** DATA BELOW follows **
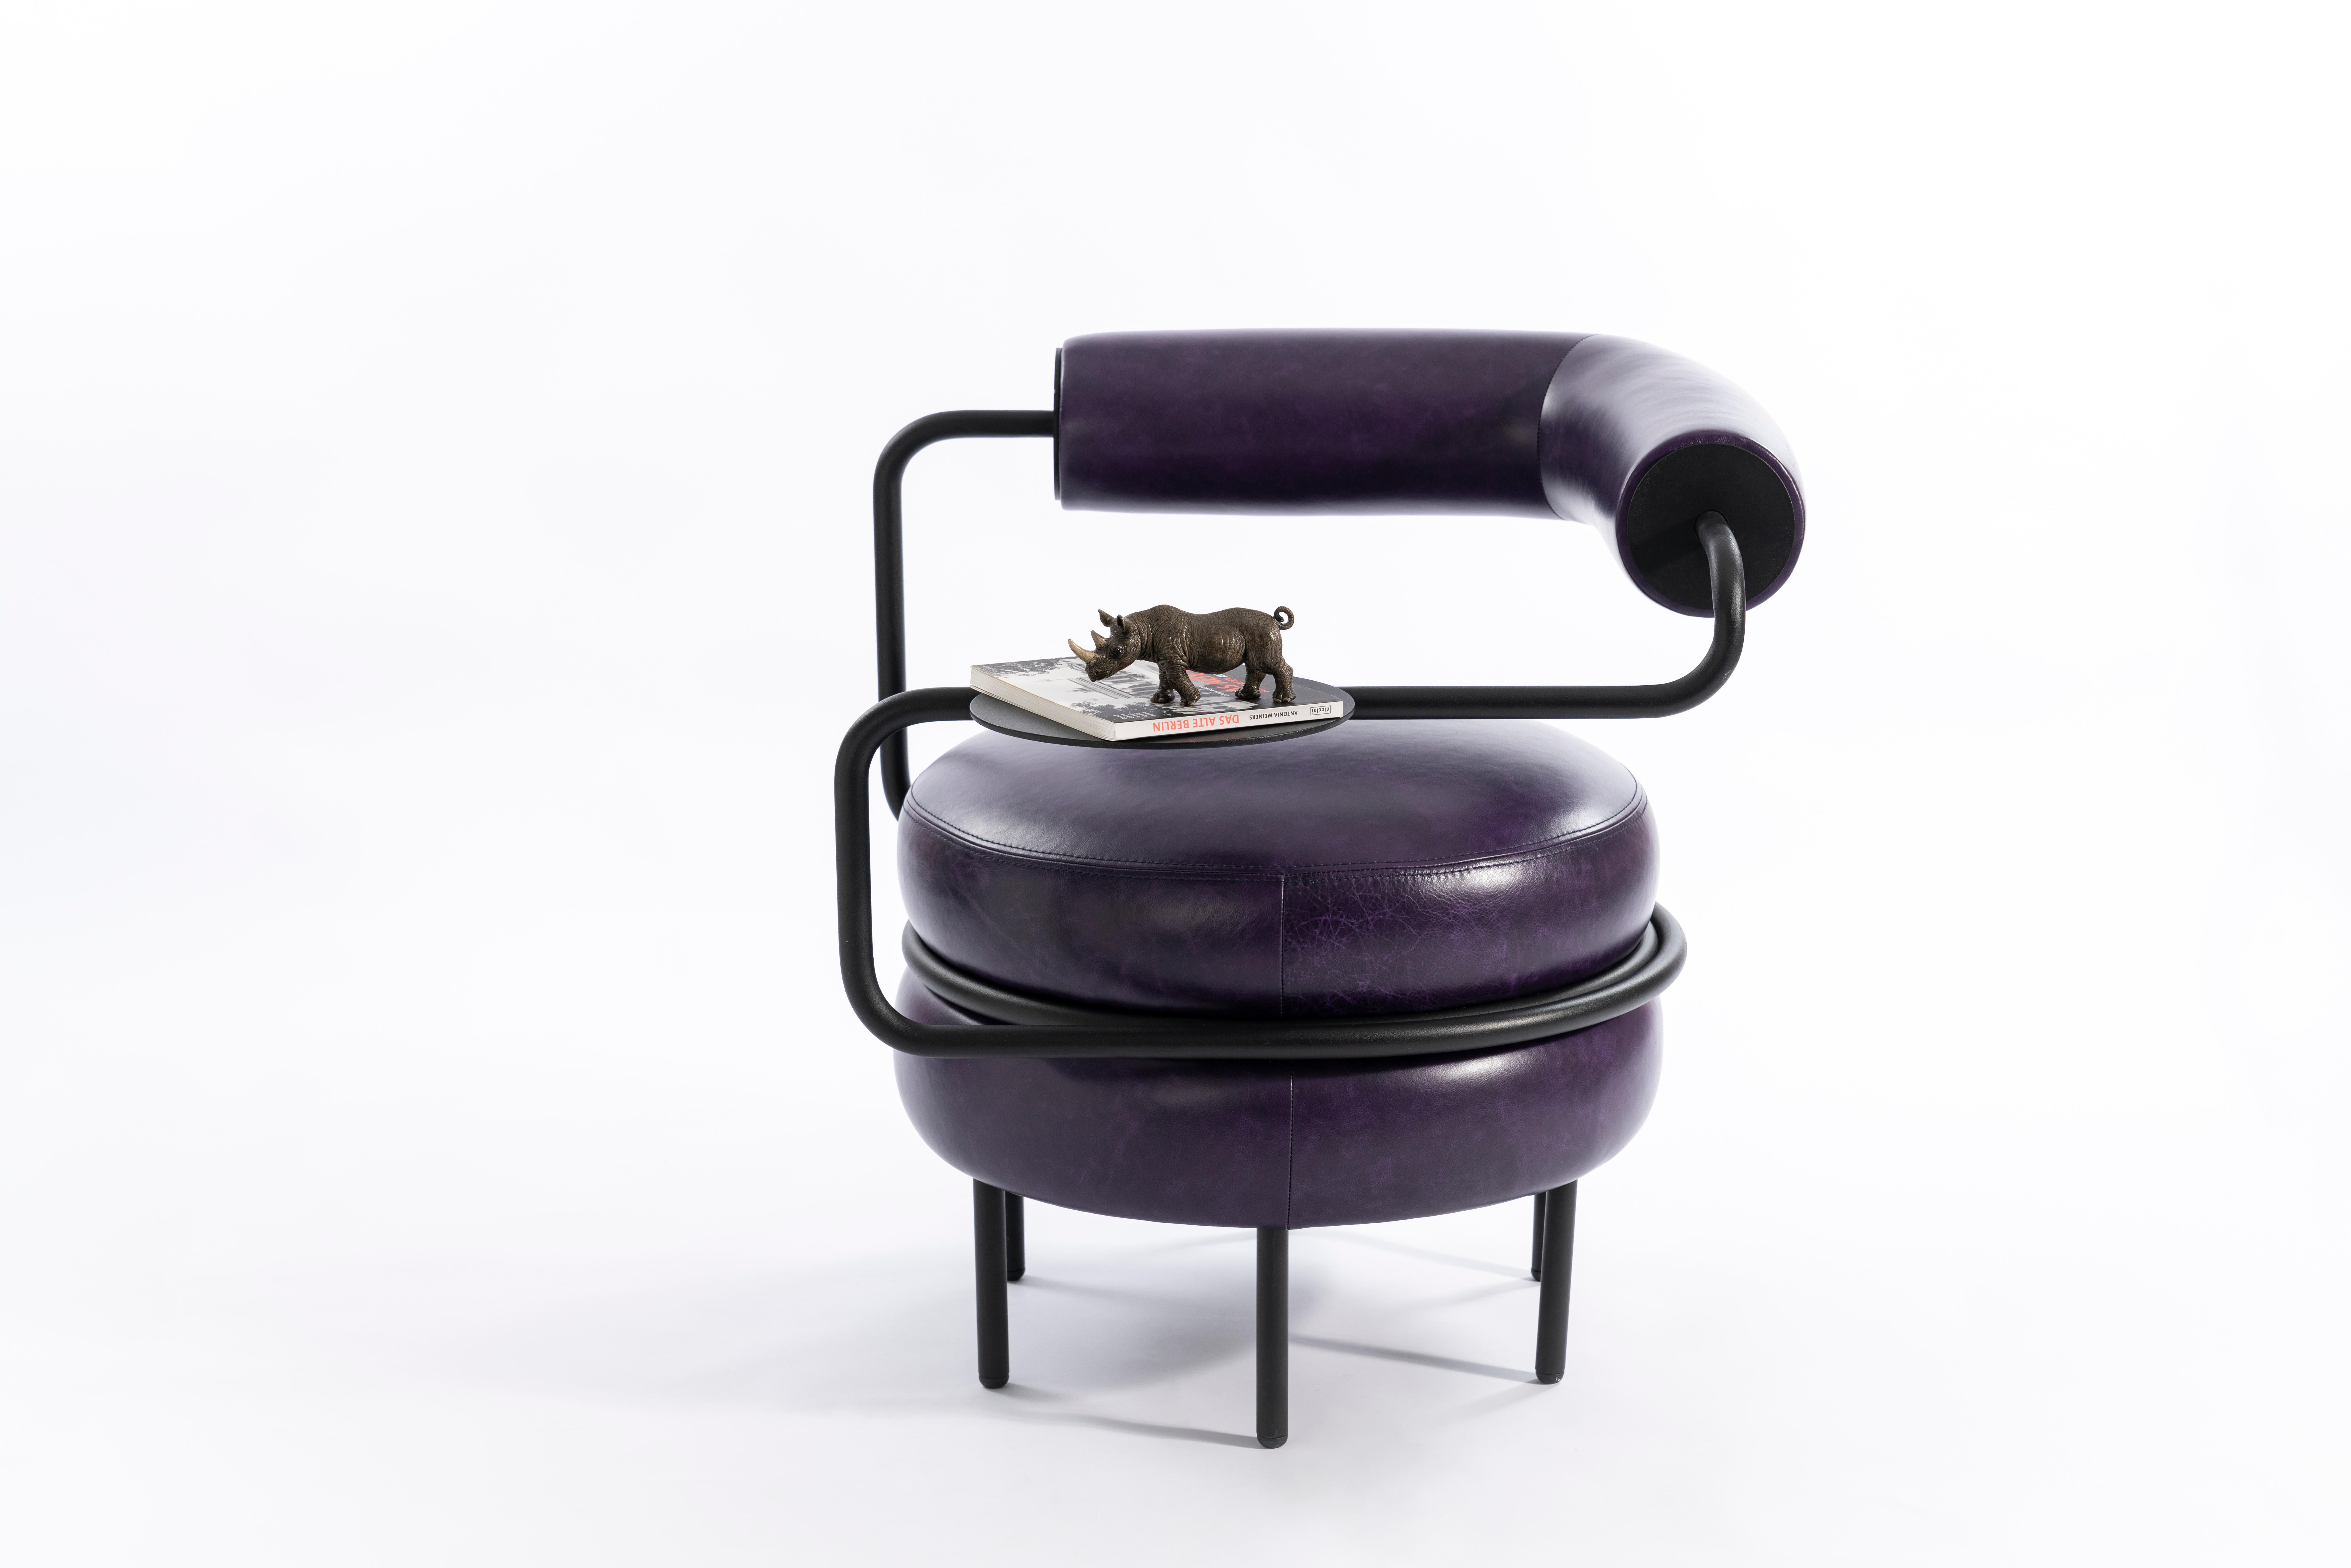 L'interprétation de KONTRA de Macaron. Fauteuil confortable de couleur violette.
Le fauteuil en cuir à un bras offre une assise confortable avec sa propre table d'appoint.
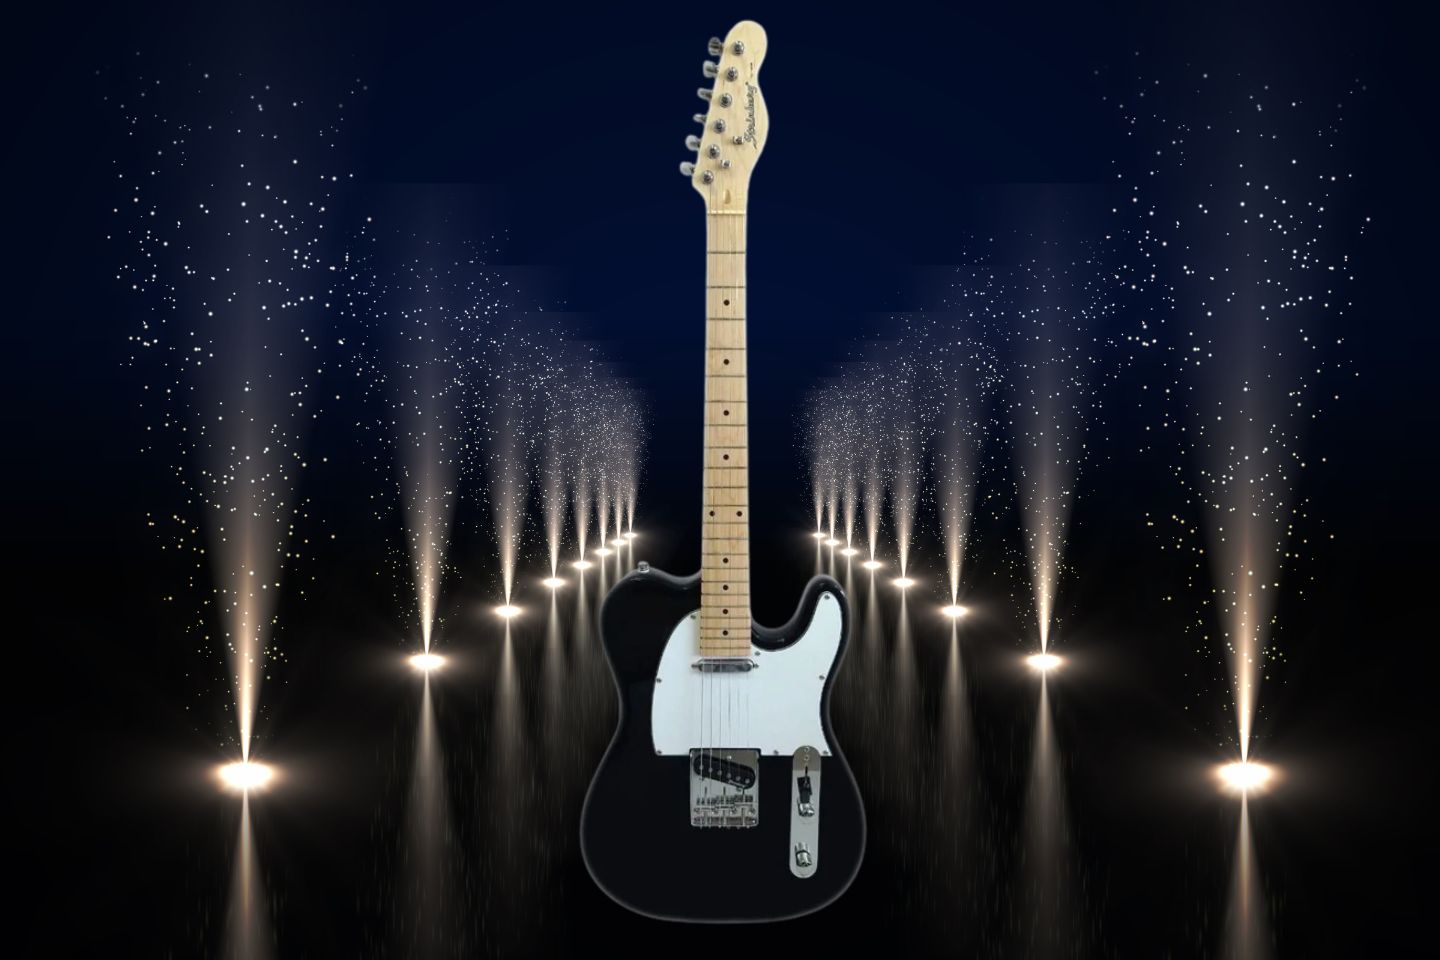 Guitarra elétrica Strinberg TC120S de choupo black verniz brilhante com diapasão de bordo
** End of DATA BELOW **
## TASK PROMPT
Give back every line of the material exactly as written, but not the pictures.

## EXPECTED ANSWER
 L'interprétation de KONTRA de Macaron. Fauteuil confortable de couleur violette.
Le fauteuil en cuir à un bras offre une assise confortable avec sa propre table d'appoint.
 Guitarra elétrica Strinberg TC120S de choupo black verniz brilhante com diapasão de bordo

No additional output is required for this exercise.